The data
╭──
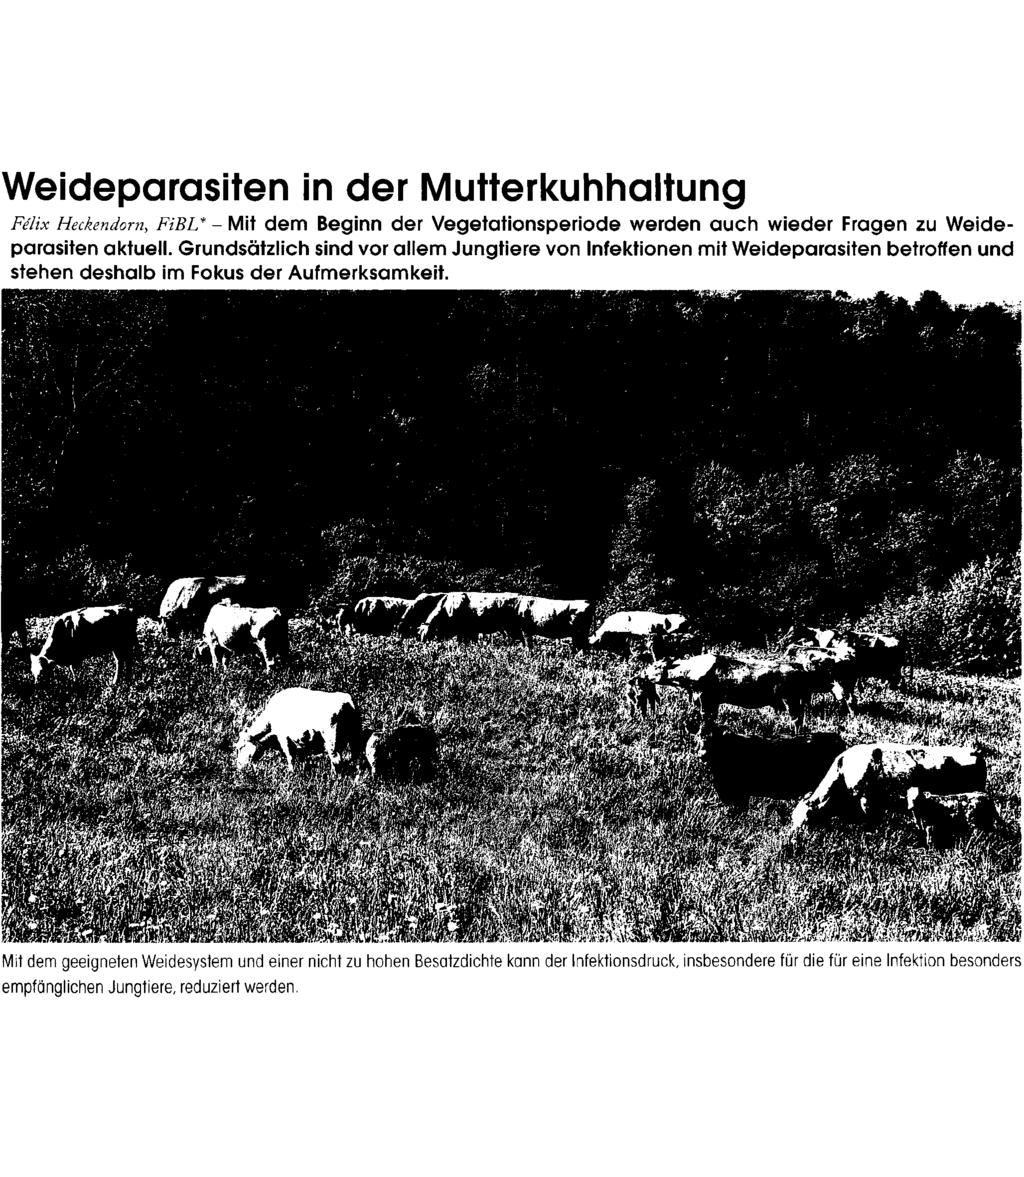 Weideparasiten in der Mutterkuhhaltung Felix Heckendorn, FiBL* - Mit dem Beginn der Vegetationsperiode werden auch wieder
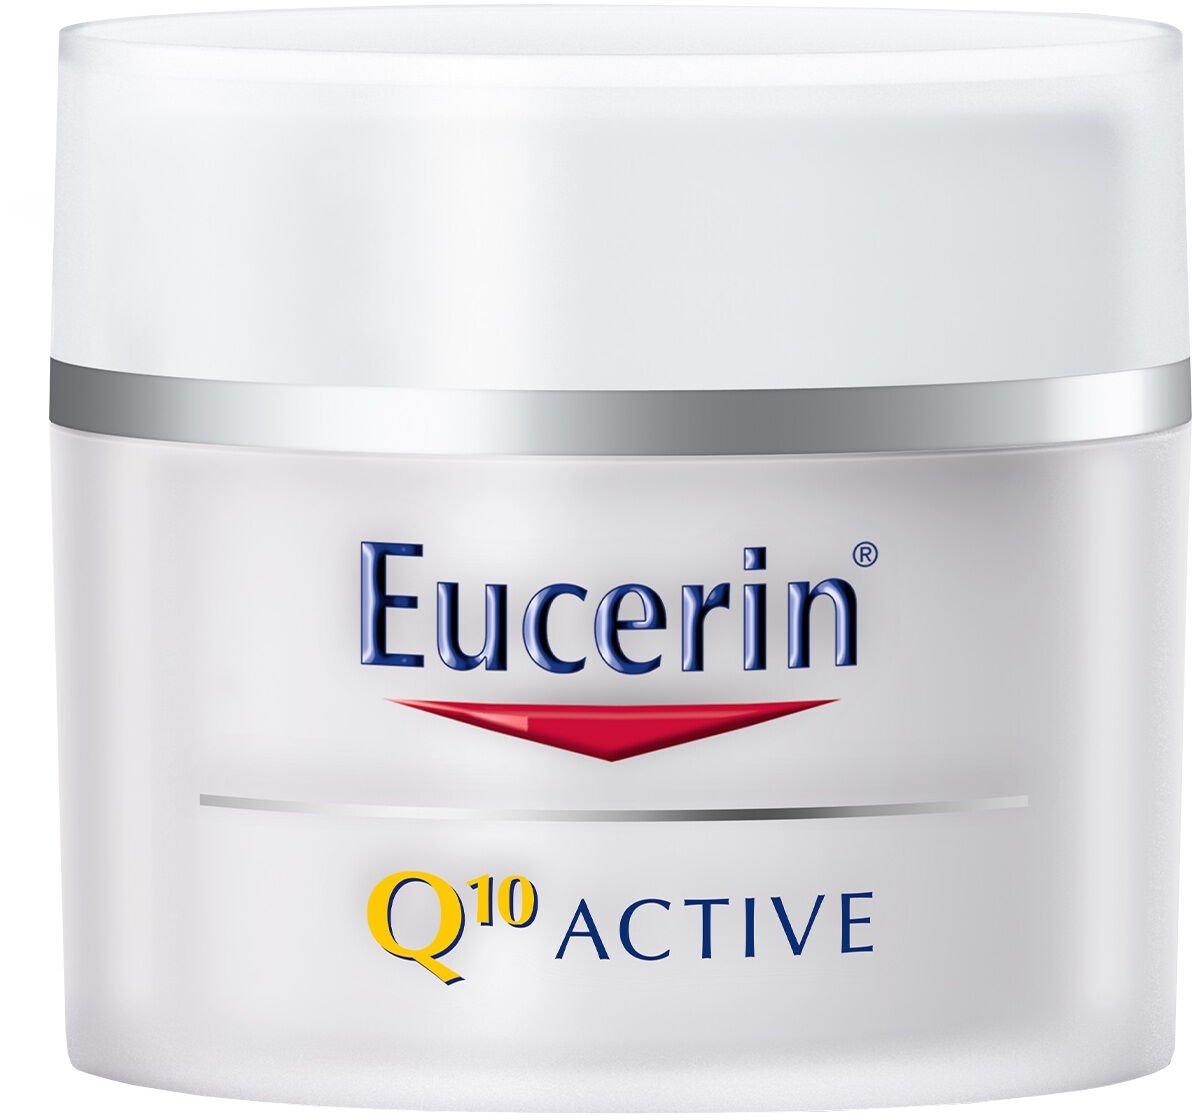 Eucerin Q10 ACTIVE denný krém proti vráskam vyhladzujúci na citlivú pokožku 50 ml
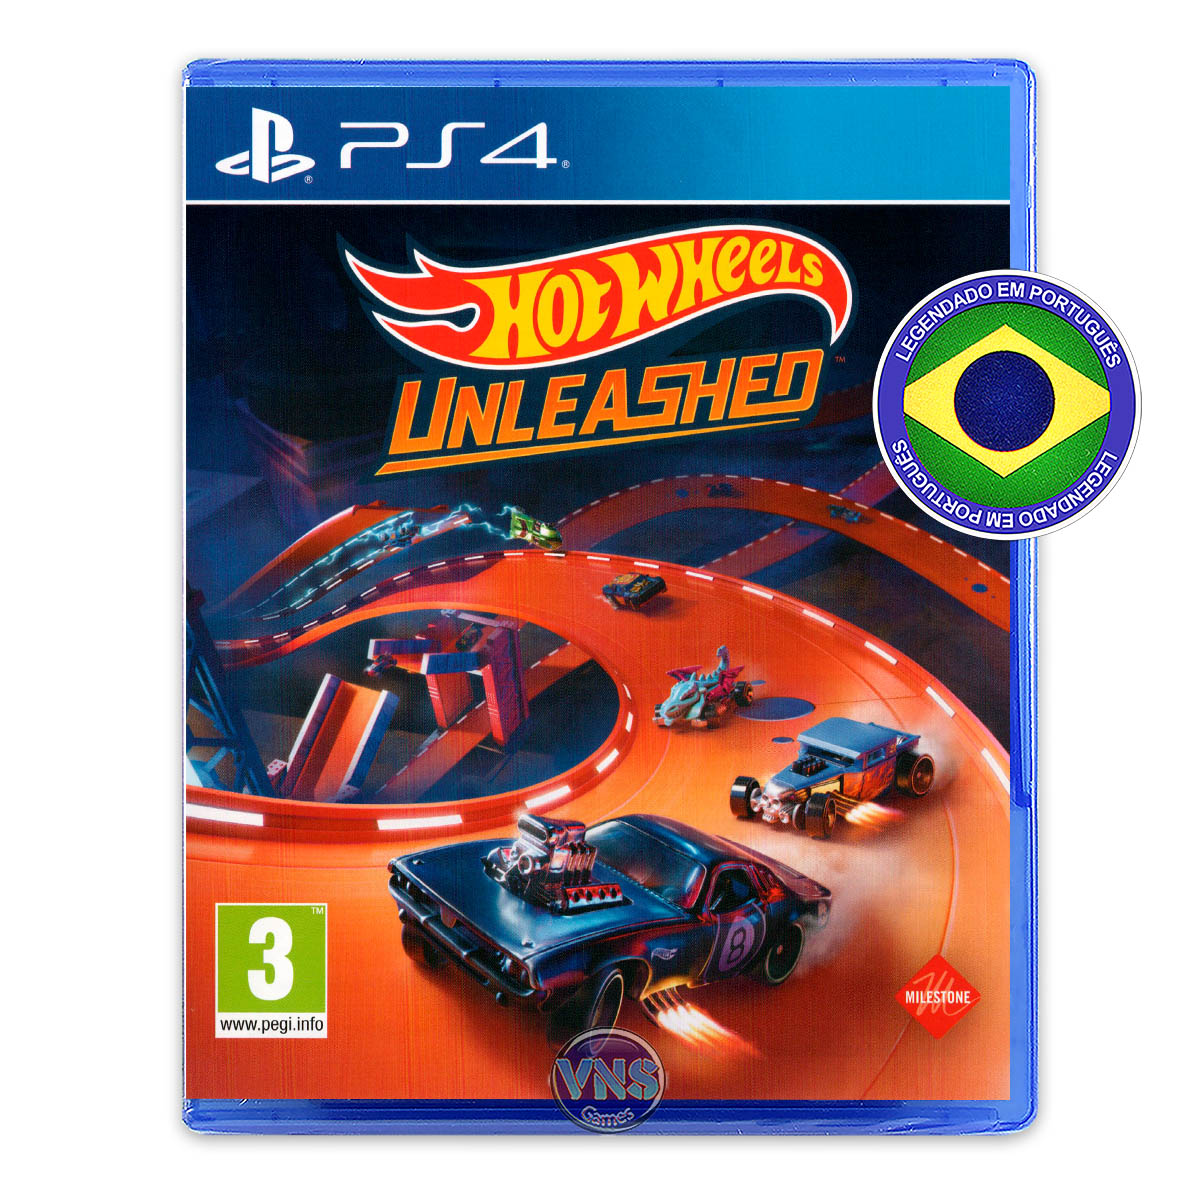 Hot Wheels Unleashed - PS4 - VNS Games - Seu próximo jogo está aqui!
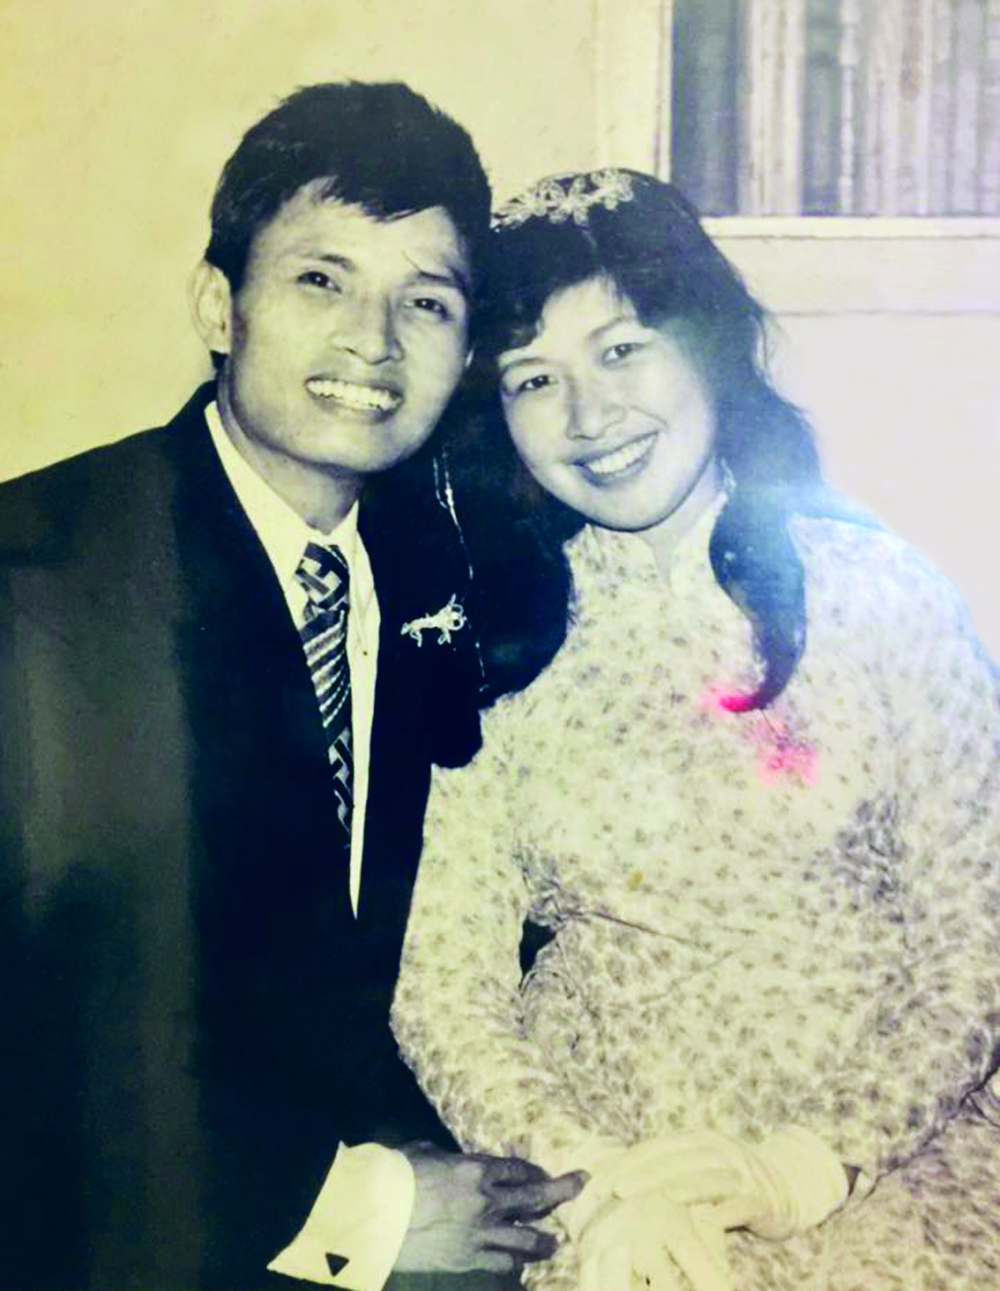 Cô dâu Mai Loan và chú rể Xuân Nhản trong ngày cưới (ảnh chụp ngày 5/4/1975)
╰──
Work order
Your output should be the lines from the line containing "Hot Wheels Unleashed" through the last line of the listing above, restated exactly, with no pictures among them.

Exercise output
 Hot Wheels Unleashed - PS4 - VNS Games - Seu próximo jogo está aqui!
 Cô dâu Mai Loan và chú rể Xuân Nhản trong ngày cưới (ảnh chụp ngày 5/4/1975)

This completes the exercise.